▶ Input data:
BEGIN
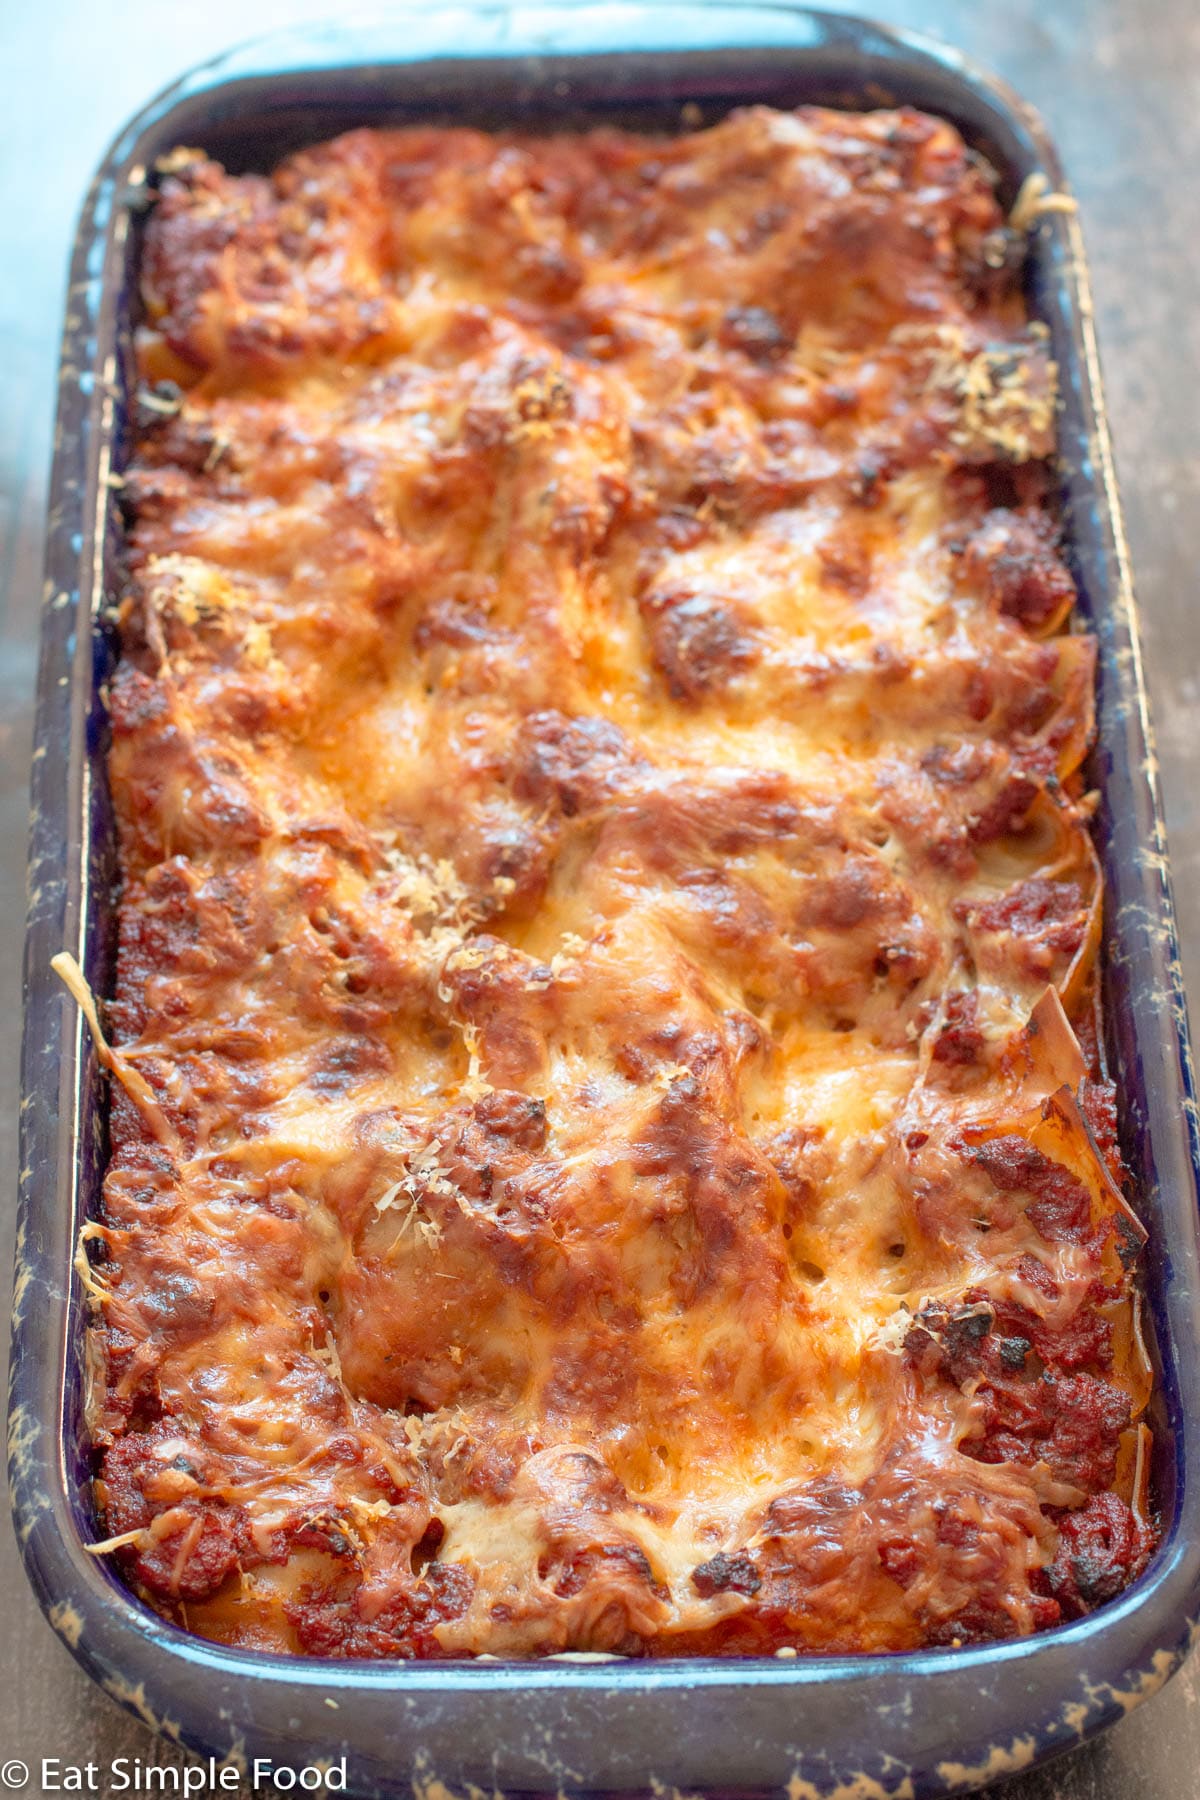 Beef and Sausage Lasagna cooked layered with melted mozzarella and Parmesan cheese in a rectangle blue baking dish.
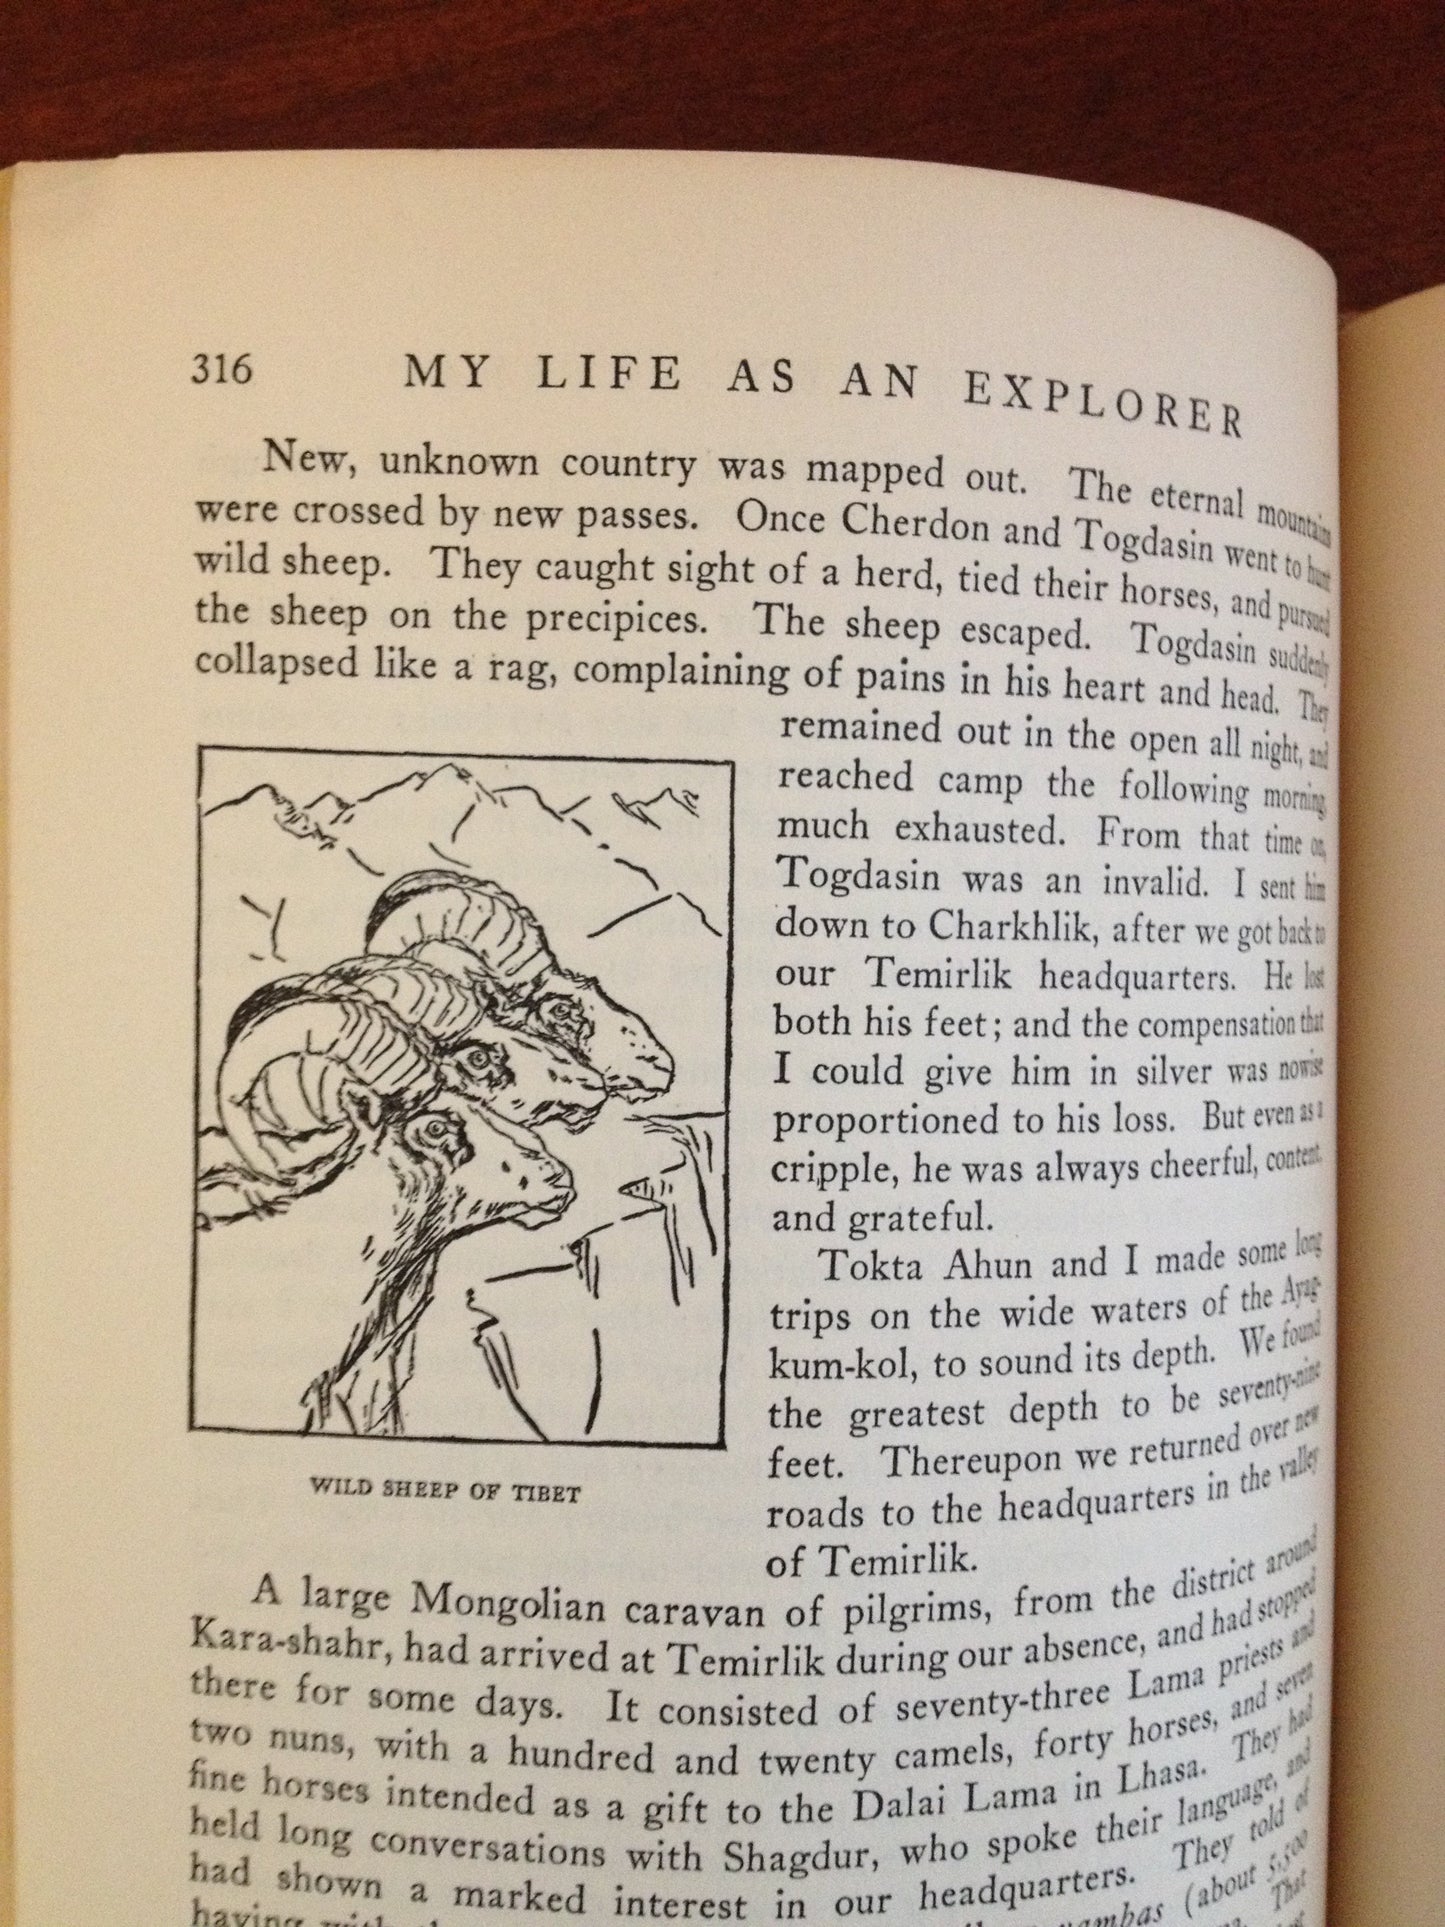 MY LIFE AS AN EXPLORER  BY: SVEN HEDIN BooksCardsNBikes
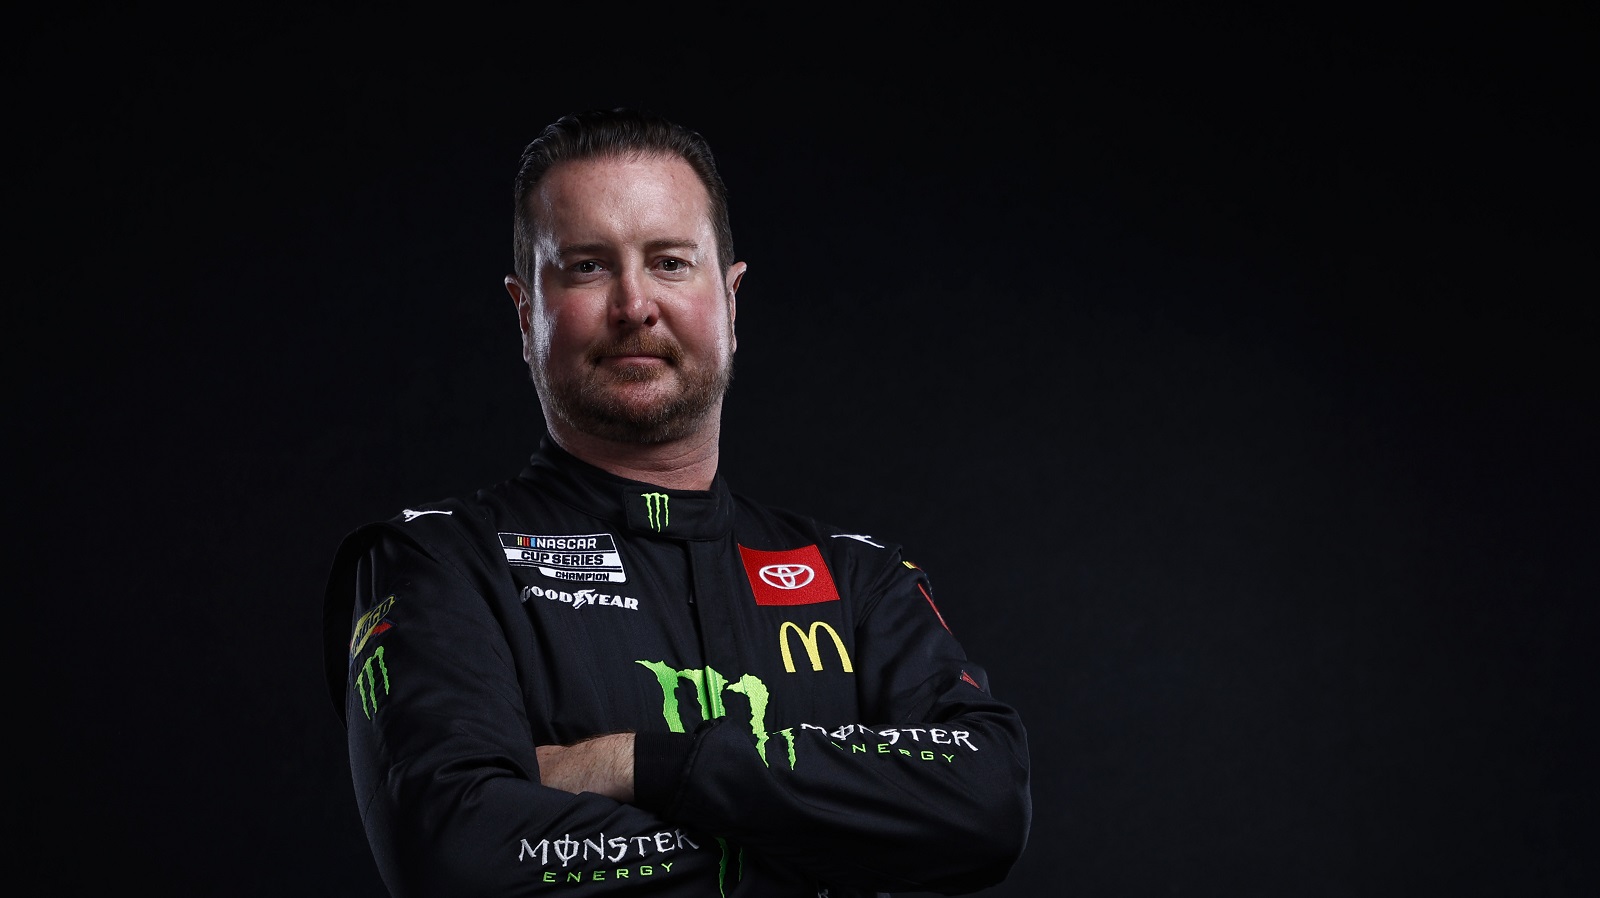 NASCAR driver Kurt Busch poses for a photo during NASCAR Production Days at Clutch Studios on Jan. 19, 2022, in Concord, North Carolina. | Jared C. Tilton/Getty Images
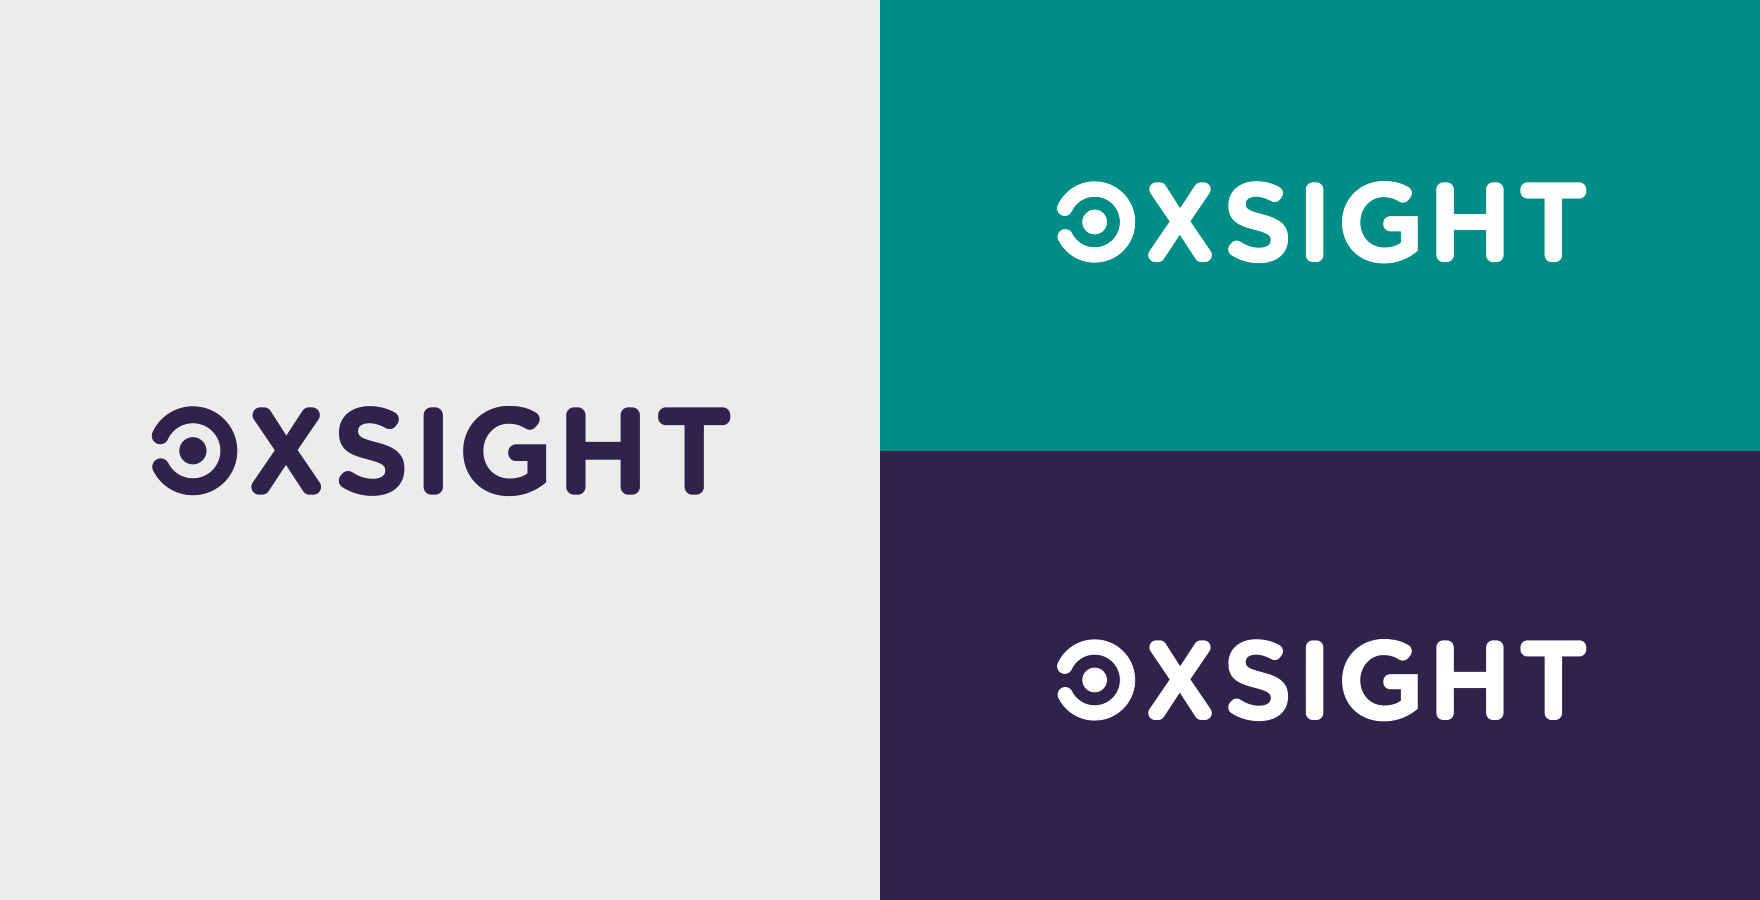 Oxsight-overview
END
▶ Exercise details: Should there be pictures in the data, leave them out and return the rest exactly.

▶ Response to the exercise:
 Beef and Sausage Lasagna cooked layered with melted mozzarella and Parmesan cheese in a rectangle blue baking dish.
 MY LIFE AS AN EXPLORER  BY: SVEN HEDIN BooksCardsNBikes
 NASCAR driver Kurt Busch poses for a photo during NASCAR Production Days at Clutch Studios on Jan. 19, 2022, in Concord, North Carolina. | Jared C. Tilton/Getty Images
 Oxsight-overview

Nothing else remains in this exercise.